Long interspersed nuclear elements (LINEs) are non-LTR elements that lack LTRs at their ends. Most LINEs belong to the LINE-1 (or L1) family and are the only TEs capable of transposing autonomously, which constitute approximately 17% of the human genome [1, 3]. Although majority of L1s are rendered inactive as molecular fossils by 5′ truncations and inversions [4], there are still approximately 80–100 active retrotransposition-competent L1s (RC-L1s). An active L1 is approximately 6 kb in length, containing a 5′-UTR, 2 open reading frames (ORF1 and ORF2) and a 3′-UTR with the characteristic poly (A) tail (Figure 1a) [3, 5]. L1 elements either have cis or trans preference [6]. Proteins coded by L1s with cis preference (ORF1p and ORF2p) act on other L1 RNAs to aid nuclear import and integration into the genome (Figures 1b, 2a) [7]. Proteins coded by L1s with trans preference assists in the translocation of other non-autonomous elements such as short interspersed nuclear elements (SINEs) (Figure 1a) [6].

Figure 1
figure 1

a) List of mobile elements, structure and its distribution in the human genome. Reference sequence (HGR) and their structure along with examples (Italicized) Abbreviations: IR (Inverted repeats); LTR (Long Terminal Repeat); Gag (Group-specific antigen); Pol (Polymerase); Env (Envelope protein); UTR (Untranslated region); EN (Endonuclease); RT (Reverse transcriptase); C (Cysteine – rich domain); ORF (Open reading frame); An (Poly (A) tail); A & B (Sequences of RNA pol III promoter); Ins (Insertional sequence); TSD (Target site duplication); VNTR (Variable number of tandem repeats); SINE-R (domain derived from previous translocation). Figure 1b) Mobile element insertion by Target Primed Reverse Transcription (TPRT) method. i) Endonuclease (EN) coded by transposons cleaves the first DNA strand of the target site; ii) Cleavage of the second DNA strand; iii) L1 RNA anneals to the nick site; iv) Reverse transcription is initiated by retrotransposons coded reverse transcriptase (RT); v) Integration; vi) DNA synthesis resulting in the new insert with target site duplications at the flanks of newly integrated region.

B) Transposition and genome instability

Genome integrity is a crucial determinant in passing down genetic information from one generation to another. TE-associated genetic alterations such as aberrant mRNA splicing, introduction of premature stop codon and transcriptional disruptions threaten this integrity. Double-stranded breaks (DSBs) generated by TEs [8] produce tracts of non-allelic sequences that can derange major homology-based repair system (homologous recombination repair, HRR).
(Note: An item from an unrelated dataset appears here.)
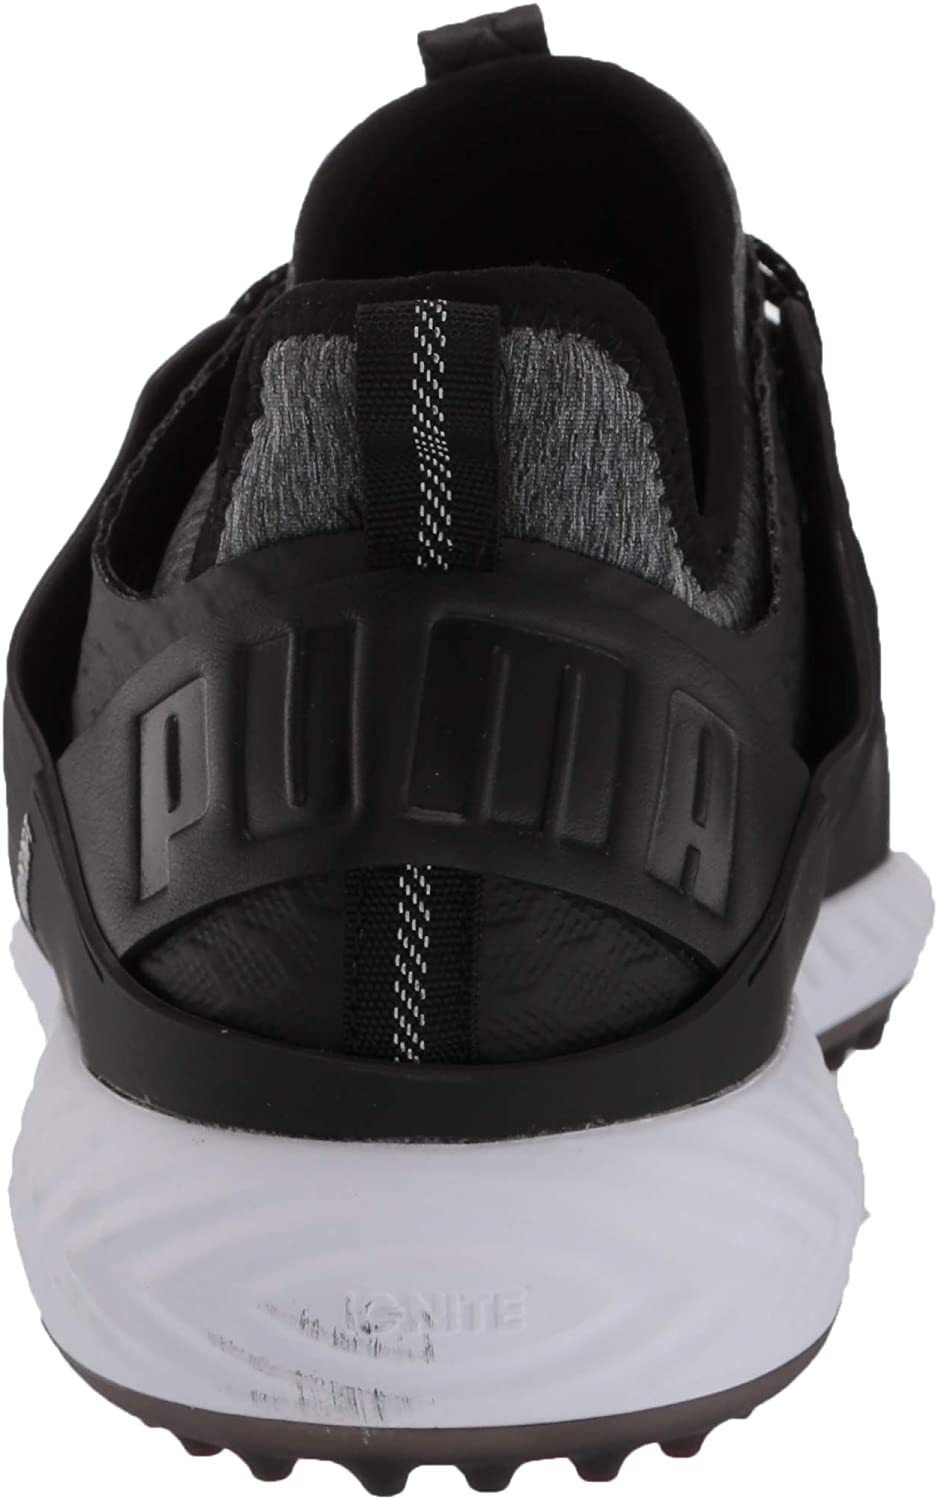 Puma IGNITE PWRADAPT Caged Golf Shoes PUMA Black/PUMA Silver/PUMA White 12.5 Medium - image 3 of 7

This in turn can result in large-scale insertion/deletions (INDELS), inversions and chromosomal rearrangements through non-allelic homologous recombination (NAHR) [9]. Thus far, more than 25 insertion-mediated disorders have been reported [10]. Furthermore, TEs play a crucial role in the genesis of structural variations such as microsatellites repeats [11]. For instance, before integration, L1s and SINEs undergo 3′ extension to generate a 3′-A-rich tail [3, 5], which directs further integration of TEs [12]. These newly integrated retrotransposons can readily mutate to pro-microsatellite sequences and turn in to highly unstable structures by processes such as polymerase slippage [13], resulting in microsatellite instability (MSI). Such an association has been reported in microsatellite-initiating mobile elements (mini-me) of dipteran taxa [14] that carry pro-microsatellite sequences. After the insertion of mini-me into the genome, slippage-associated mutation introduces variation in these loci to generate microsatellites. The mechanism observed in dipteran genomes seems to be common among eukaryotes where elements with cryptic repeats tend to decay into microsatellites through insertion-mediated mutations [14].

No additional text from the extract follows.